The Financial Times's investigation has sparked a quick reaction from the same cast of commentators and analysts who had debated Mr Piketty's book when it first burst on the US scene in April.
Reuters's Richard Beales says that Mr Piketty's mistakes show a "haphazard" employment of Microsoft Excel spreadsheets, which would "embarrass the greenest investment-banking analyst".
Data collection is never flawless, writes FiveThirtyEight's Nate Silver. Although it's easy to assume numbers in a chart are "pure and clean", he writes, they're either entered or programmed by humans who are capable of making mistakes.
"If researchers kept scrubbing data until it were perfect, they'd never have time for analysis," he says.
Despite some apparent errors, writes the Economist's Ryan Avent, Mr Piketty's conclusions appear to be sound:
First, the book rests on much more than wealth-inequality figures.
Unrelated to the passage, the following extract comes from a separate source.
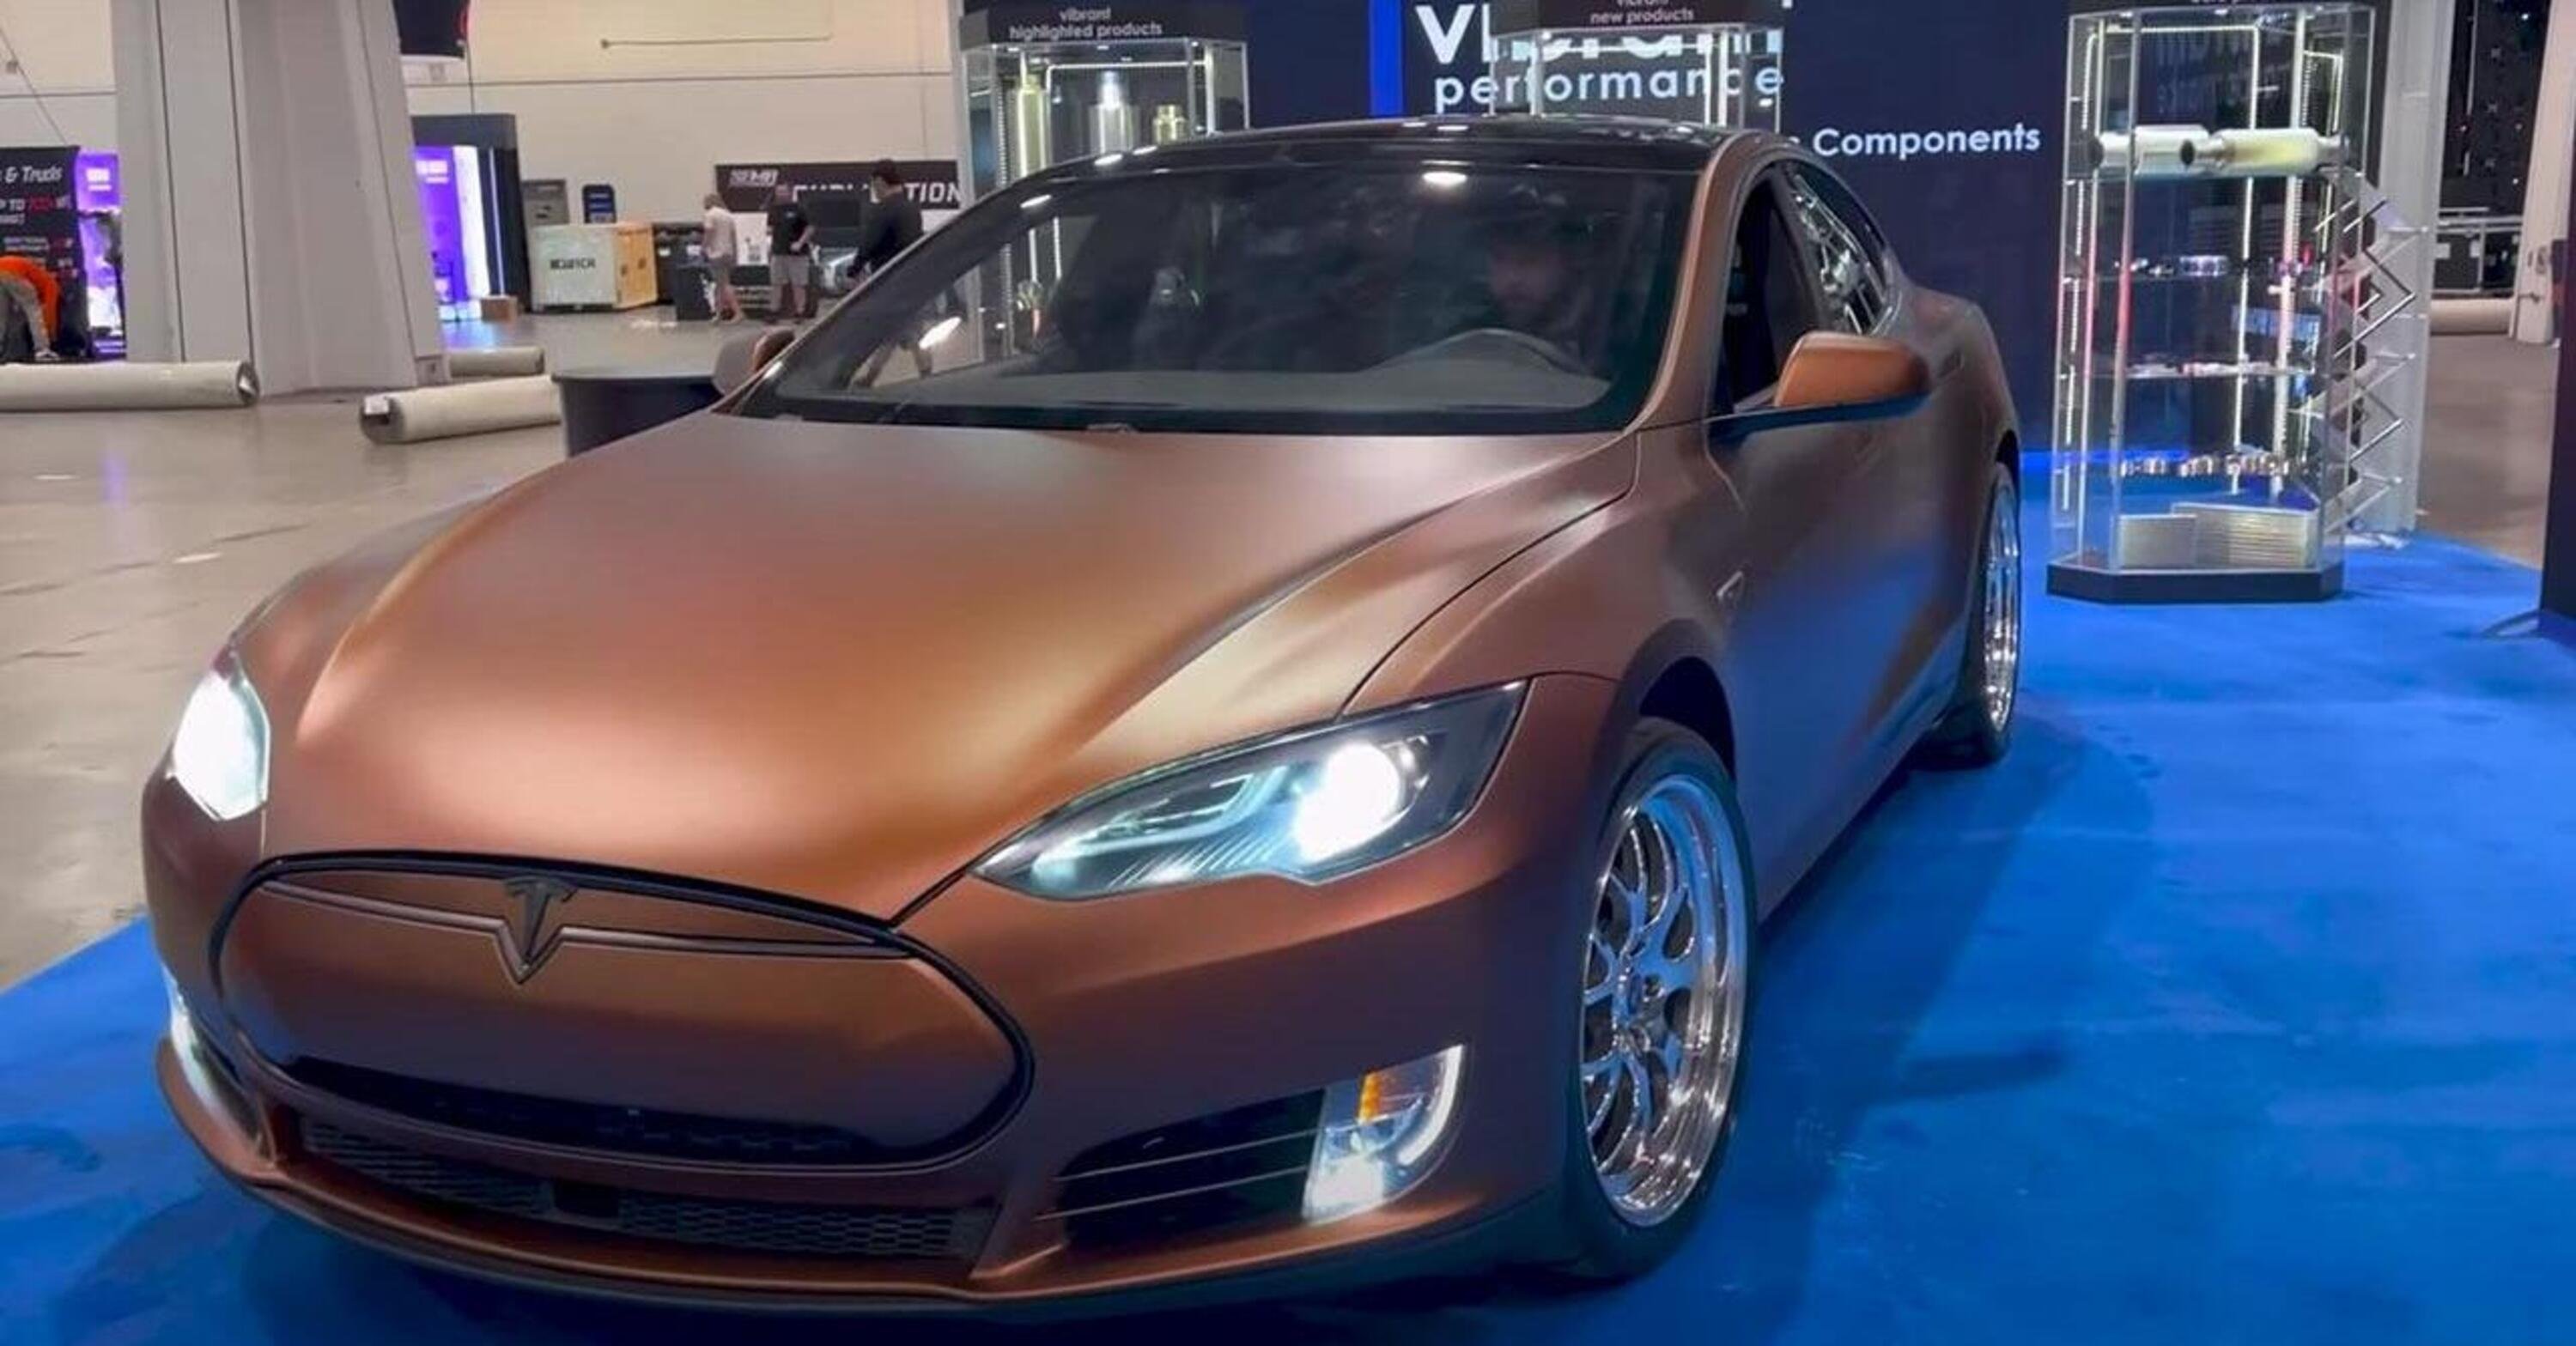 Come ti raggiro Greta Thunberg: ecco la Tesla Model S con un V8 Camaro sotto al cofano [VIDEO]
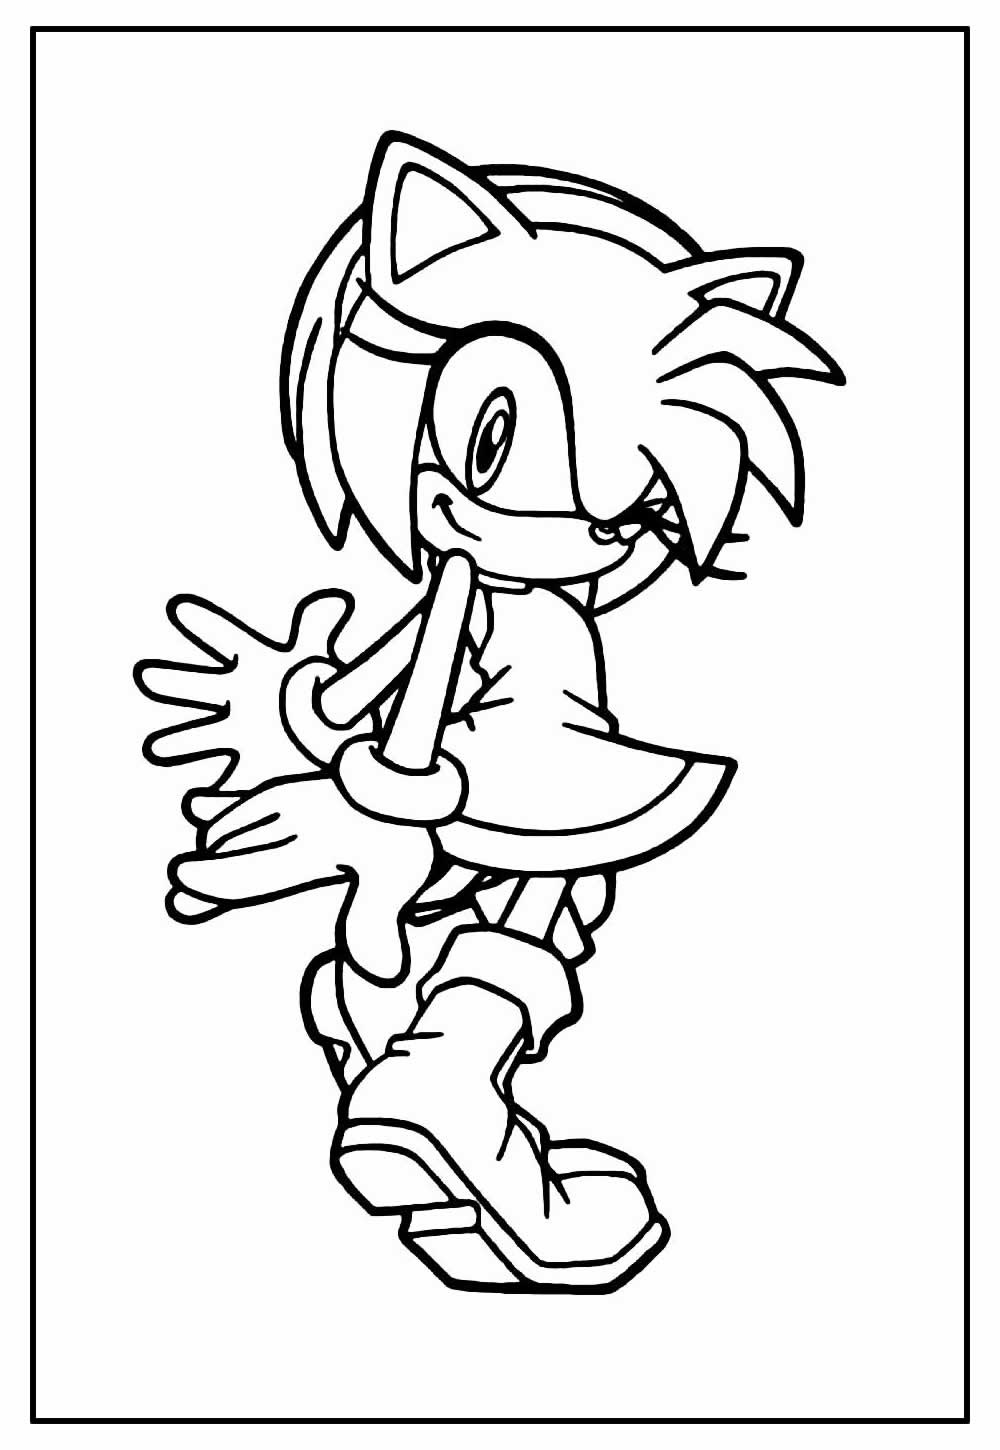 Desenhos de Sonic Sorrindo para Colorir e Imprimir

Second, the differences in the wealth-inequality figures are, with the exception of Britain, too minor to alter the picture. And third, as Mr Piketty notes in his response, Chapter 10 is not the only analysis of wealth inequality out there, and forthcoming work by other economists (some conclusions of which can be seen here) suggests that Mr Piketty's figures actually understate the true extent of growth in the concentration of wealth.
"The Financial Times blew the data issues it identified out of proportion," writes the Manhattan Institute's Scott Winship, who notes that he is no fan Mr Piketty's work. "Giles discovered a couple of clear errors and a number of adjustments that look questionable but have barely any impact on Piketty's charts."
The National Review's Patrick Brennan, on the other hand, says that Giles's analysis unearths "real problems".
"Piketty set out to do something much more audacious than prove that income inequality is rising in the United States and in most wealthy countries - that's relatively easy to prove, even if the increase has been substantially overstated," Brennan writes.
In order to reach the policy prescriptions Mr Piketty advocates, however - such as a global wealth tax - "he needs wealth inequality not just to appear high or to be rising, but to be returning to 19th-Century levels as a matter of economic inevitability".
Given the evidence unearthed by Giles, he contends, Mr Piketty "hasn't yet justified his dramatic conclusions".
On Wednesday Giles blogged a response to the reaction to his article. He says his piece was not a "premeditated attack" or part of a "political agenda".
He adds that he's concerned by those who defend errors in Mr Piketty's work.
"Academic economists have got themselves into a bad spot if undocumented data, errors and tweaks are considered by some acceptable research practise," he writes. He also expresses surprise that economist have been "more forgiving" than the Financial Times over liberties Mr Piketty takes with constructed data.
He then explains why his findings matter:
If someone is claiming to have found a fundamental contradiction of capitalism, predicts the result is a rising share of wealth inequality and uses apparent recent rises in recent wealth inequality as evidence that his theory is correct, those data lie at the core of the book's argument.
Without the rising wealth inequality data across all advanced economies, I would submit that Prof Piketty has a theory without all the necessary evidence.
Mr Piketty, his critics and his defenders rely on a great deal of dense information, charts and economic theories in their debate over his conclusions. It's quite easy for the layperson to be overwhelmed and throw up his or her arms in confusion.
The reality, however, is that the subject of the discussion - whether there is an increasing wealth gap that is creating permanent imbalances in modern society - is a topic of great concern. And the policy remedies, if any are necessary, are the people's responsibility to enact.
Or at least, in a democracy, they should be.